Random execution times and freezes with concurent kernels - 2

I have long-lived issue in my code with following symptoms:

  1. Program sometimes hangs forever in random loop iteration but if it has successfully completed obtained results are always correct. In case of hang nvidia-smi shows constant 99% GPU load, backtrace consists of
    CUDA lib calls with clock_gettime() in the innermost frame.

  2. Nvprof shows for repeatively calling (with the same data and args) kernels execution times differing by 1 - 3 (!) orders of magnitude (in case of successfull completing).

These symptoms are frequently observed on Fermi generation of Tesla GPUs. K20* also sometimes demonstrates this issue but more rarely.

I suspect MPI+CUDA interoperability problems - https://devtalk.nvidia.com/default/topic/621170/random-execution-times-and-freezes-with-concurent-kernels/ but actually it’s CUDA-only related issue.

I prepare cutoff version (quite ugly) of small piece of my code reproducing issue described on C2050 and X2070.
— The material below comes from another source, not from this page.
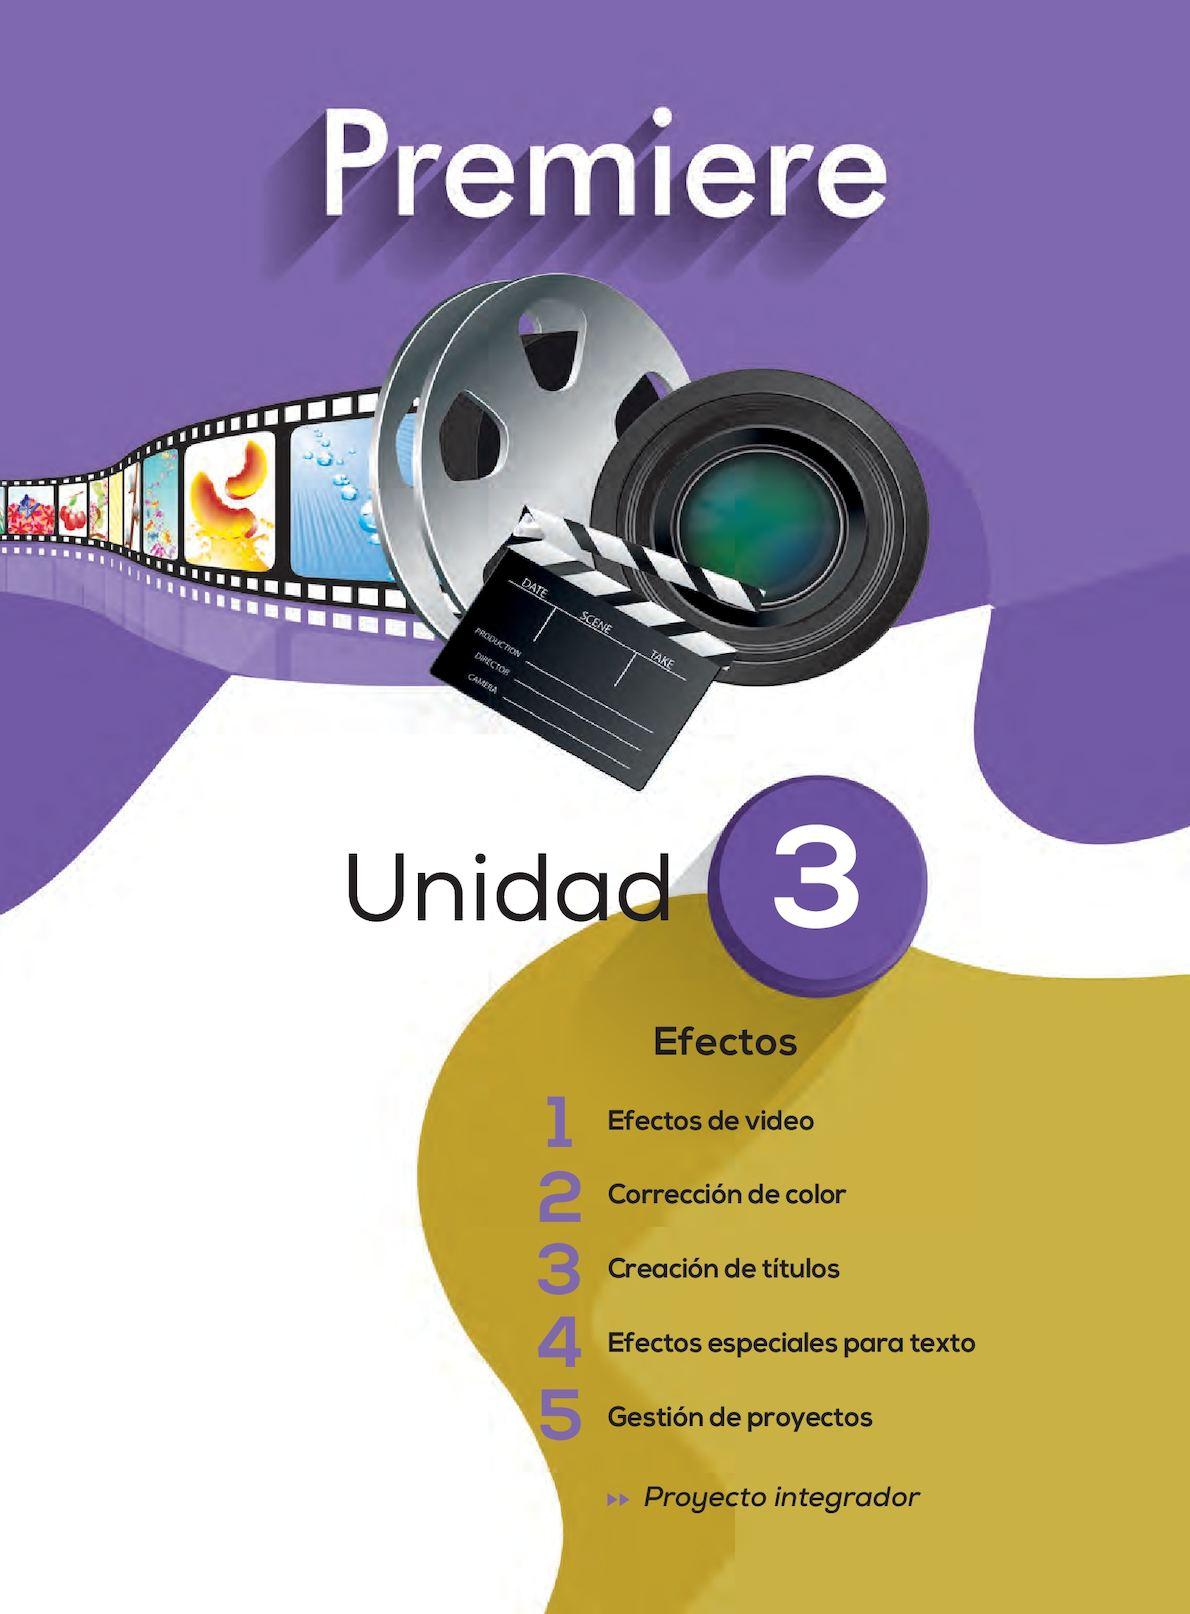 EDI04 CDT Unidad 3 - PREMIERE RED
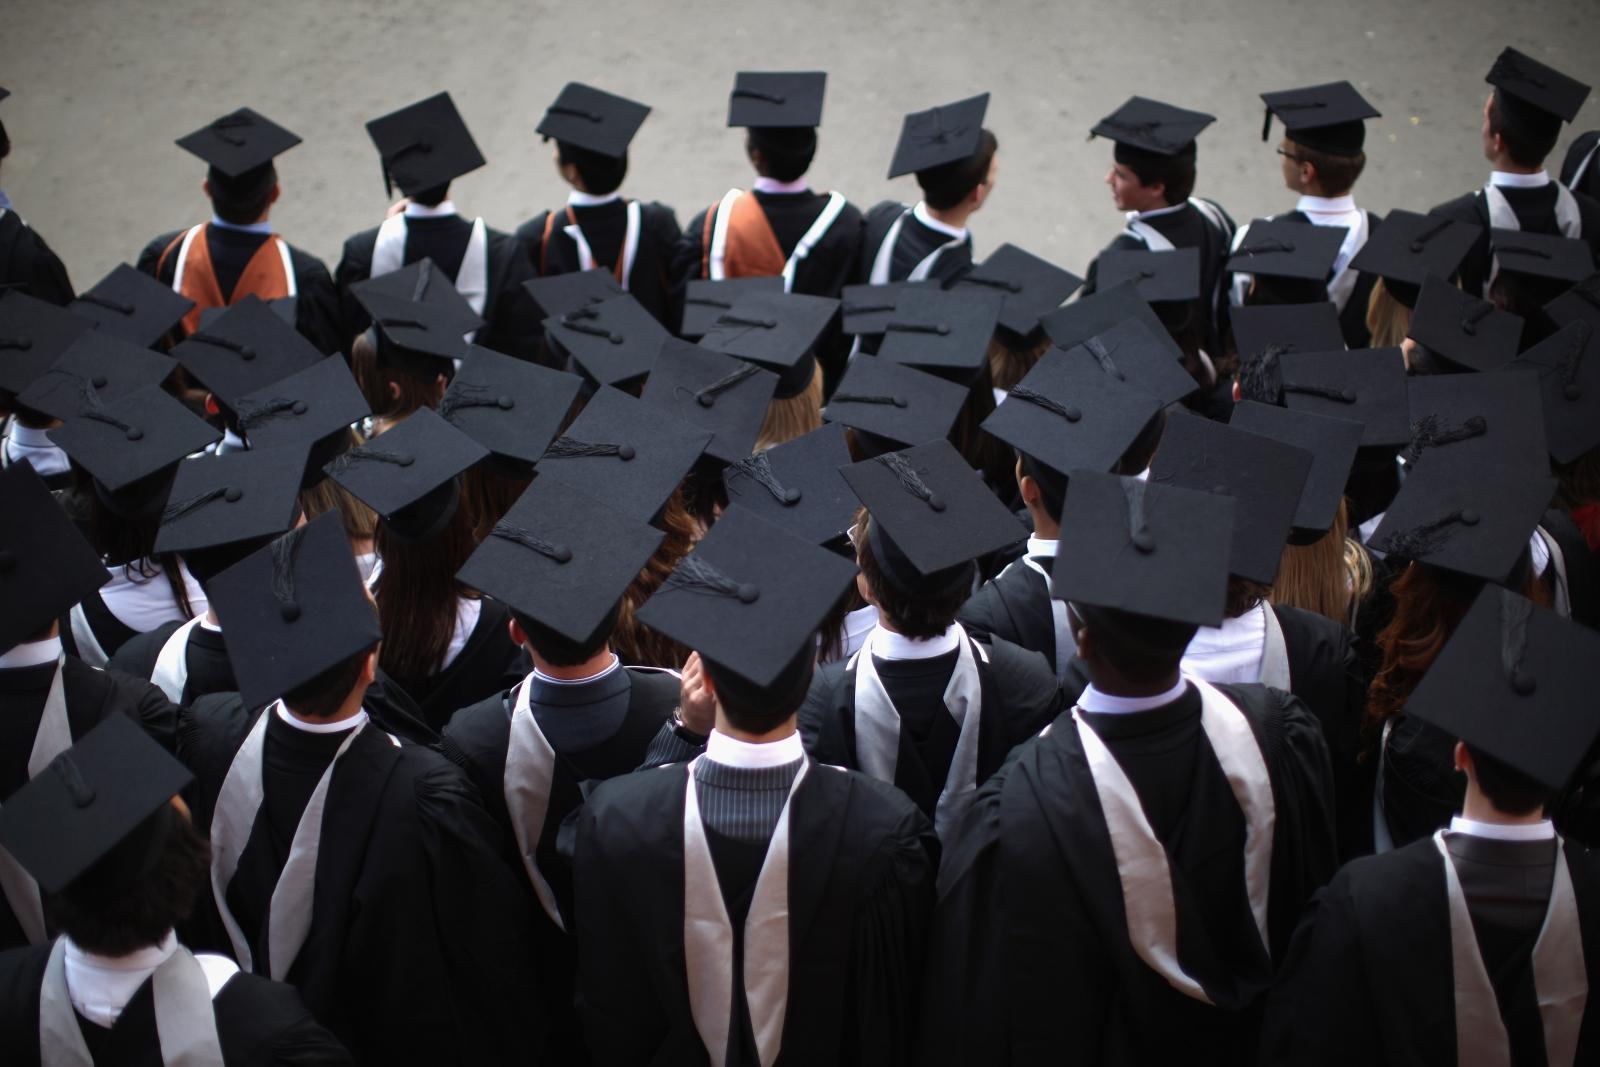 government identifies fake universities selling bogus degrees government identifies 190 fake universities selling bogus degrees in multi million pound industry

Three kernels used differ only by small code segments in getnewcell_p_iw_(). Kernels just copy from fb_cu[i] to fw_cu[j] where i and j are individually computed in each thread with quite complex arithmetic.

Launch:

./run iters_num dimx dimy dimz

where iters_num defines number of iterations in main loop, last arguments define size of main arrays (each must be even, >=6)

Normally it prints some iterations numbers and completes without errors.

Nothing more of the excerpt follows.